Online Listing = Offer for Sale for Patent Infringement?

Robert Blazer sued eBay alleging that a product listed by an eBay seller was liable for patent infringement (directly, contributorily, and by inducement).  eBay successfully moved for summary judgment on the ground that it had not offered the accused product for sale, as required to maintain an action for patent infringement under 35 U.S.C. § 271(a).  Blazer v. eBay, Inc., Case No. 1:15-CV-01059-KOB (N.D. Ala. March 20, 2017).

The listing on eBay, the court explained, undoubtedly was an offer to sell the accused product.  But who was the offering seller?  Blazer argued that eBay was, citing 3D Sys., Inc. v. Aarotech Labs., Inc., 160 F.3d 1373 (Fed. Cir. 1998).  That case had explained that the purpose of Section 271(a) was to stop a party from “generating interest in a potential infringing product to the commercial detriment of the rightful patentee.”  But 3D Systems had been questioned by subsequent cases, such as Rotec Indus., Inc. v. Mitsubishi Corp., 215 F.3d 1246 (Fed. Cir. 2000), which clarified that whether an offer for sale had been made should be “interpreted according to its ordinary meaning in contract law.”

In the end, the present case was distinguishable from 3D Systems because

the context of an exchange on eBay demonstrates that no reasonable consumer could conclude that by bidding on an eBay listing, he was accepting an offer from eBay itself. eBay’s terms of service explicitly advise users that eBay is not making an offer through a listing, and, unlike the situation in 3D Systems, eBay lacks title and possession of the items listed. Accordingly, the court in 3D Systems never had to wrestle with the question of who precisely was making the offer; the only question was whether there was an offer at all. Understandably, the court provided a succinct general formula: price plus description equals offer for sale. But such a calculation does not consider all relevant variables of the “offer” analysis and is not well-suited for these facts. By finding eBay’s listings are not offers to sell from eBay, the court is not “exalt[ing] form over substance,” but is rather simply drawing the only reasonable conclusion from the undisputed facts presented to the court.

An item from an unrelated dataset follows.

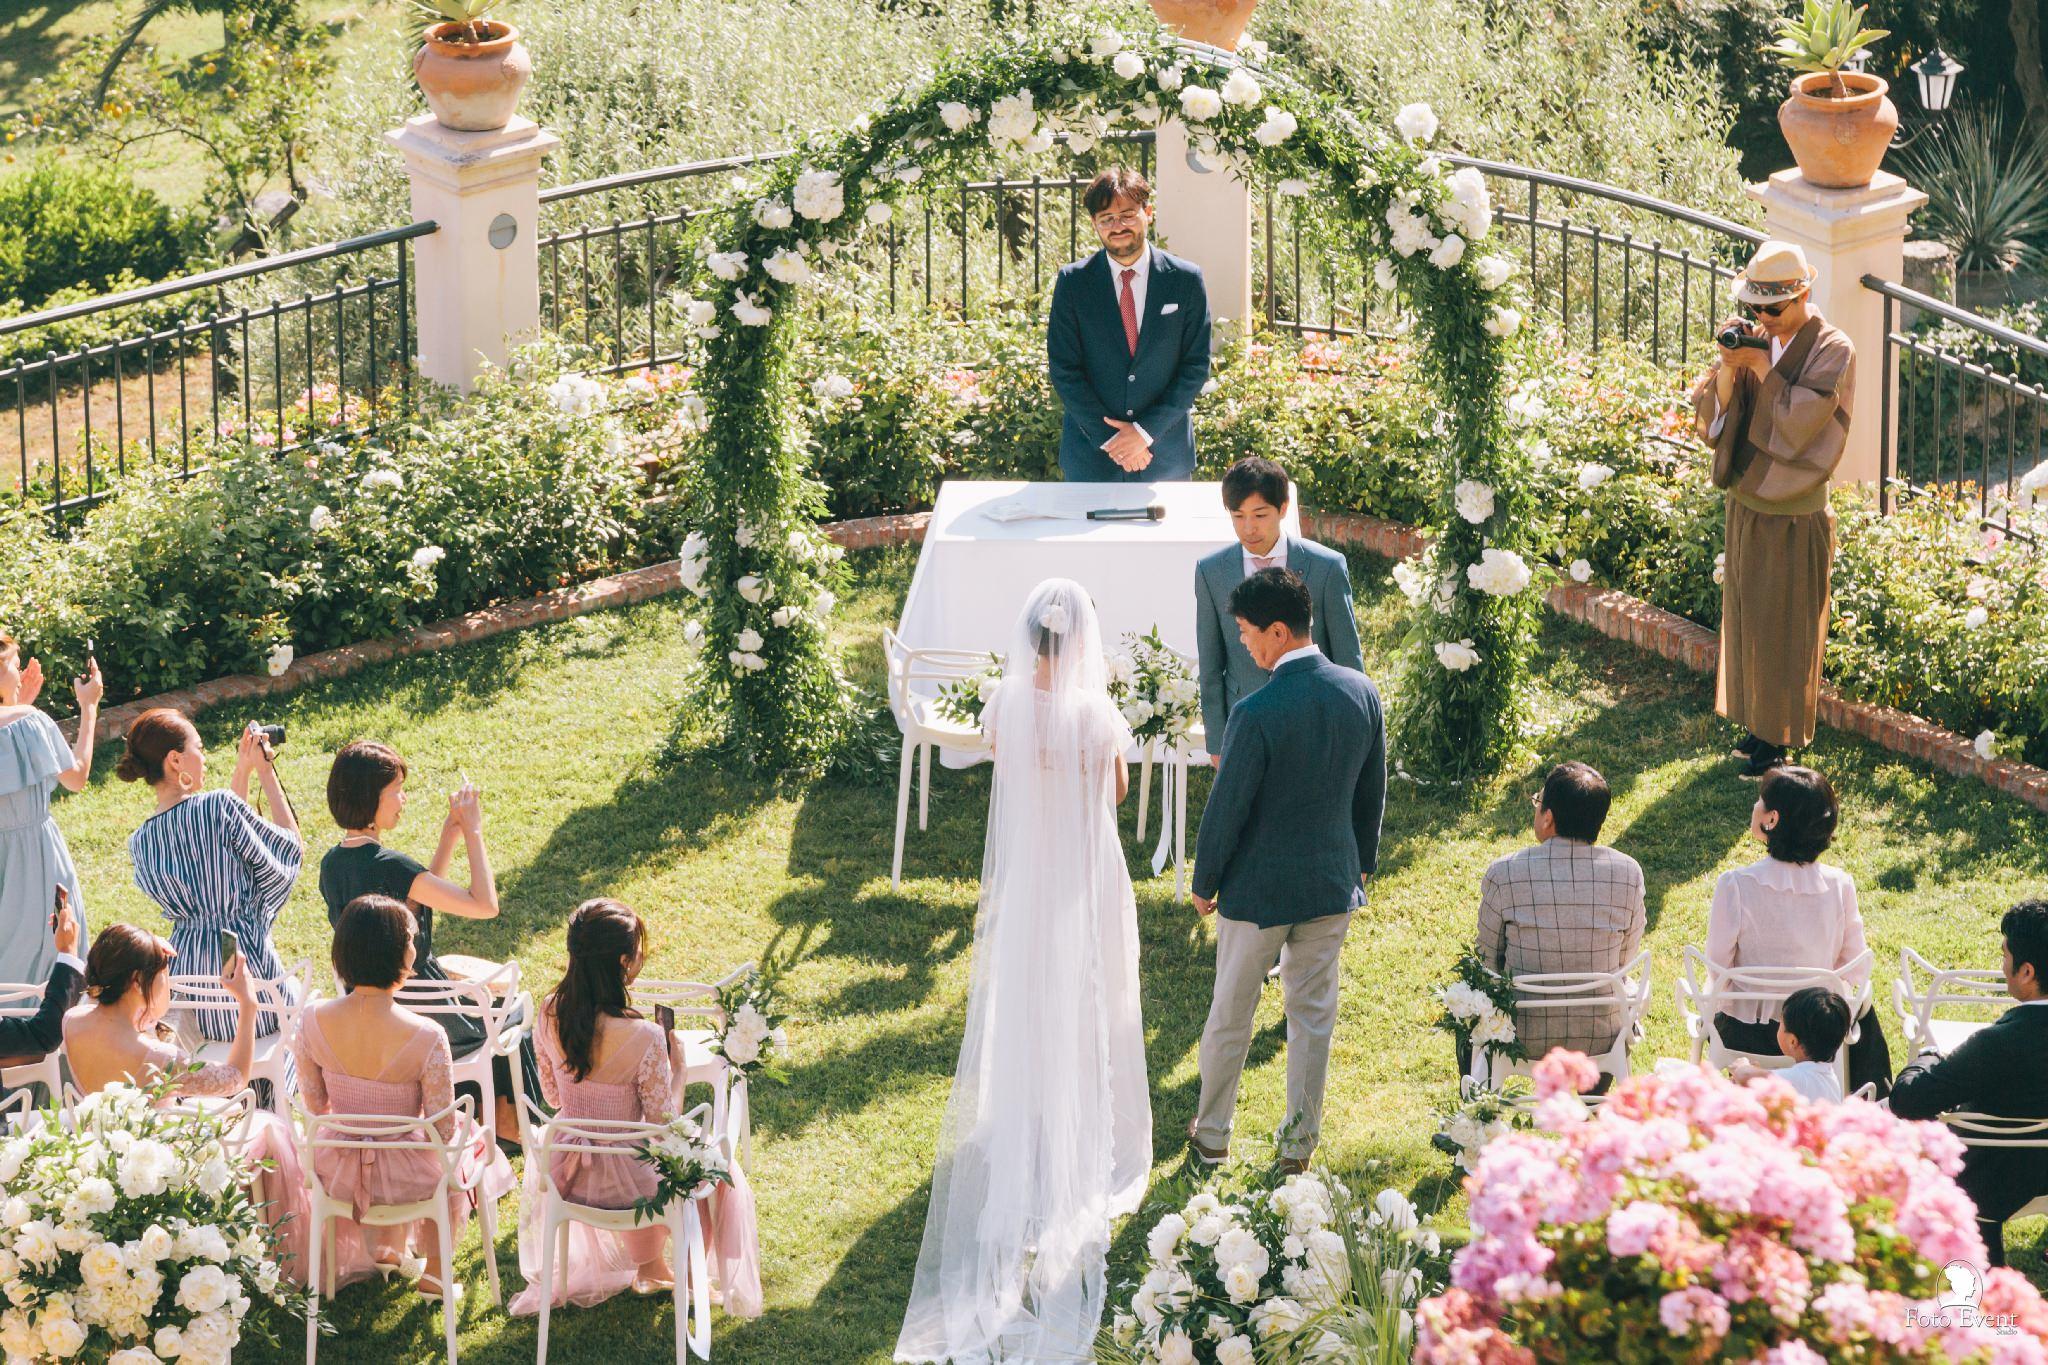 223-2019-06-14-Wedding-Yume-e-Makoto-Isee-7DL-248

Blazers’s indirect patent infringement claims also failed.  There was no inducement under 35 U.S.C. § 271(b).  While there was no dispute that he had communicated to eBay about his claims, there was no “evidence that eBay has actual knowledge of infringement,” or that it was willfully blind to patent infringement.  The case for contributory infringement under 35 U.S.C. § 171(c) was obviated by the analyses showing no direct patent infringement or infringement by inducement.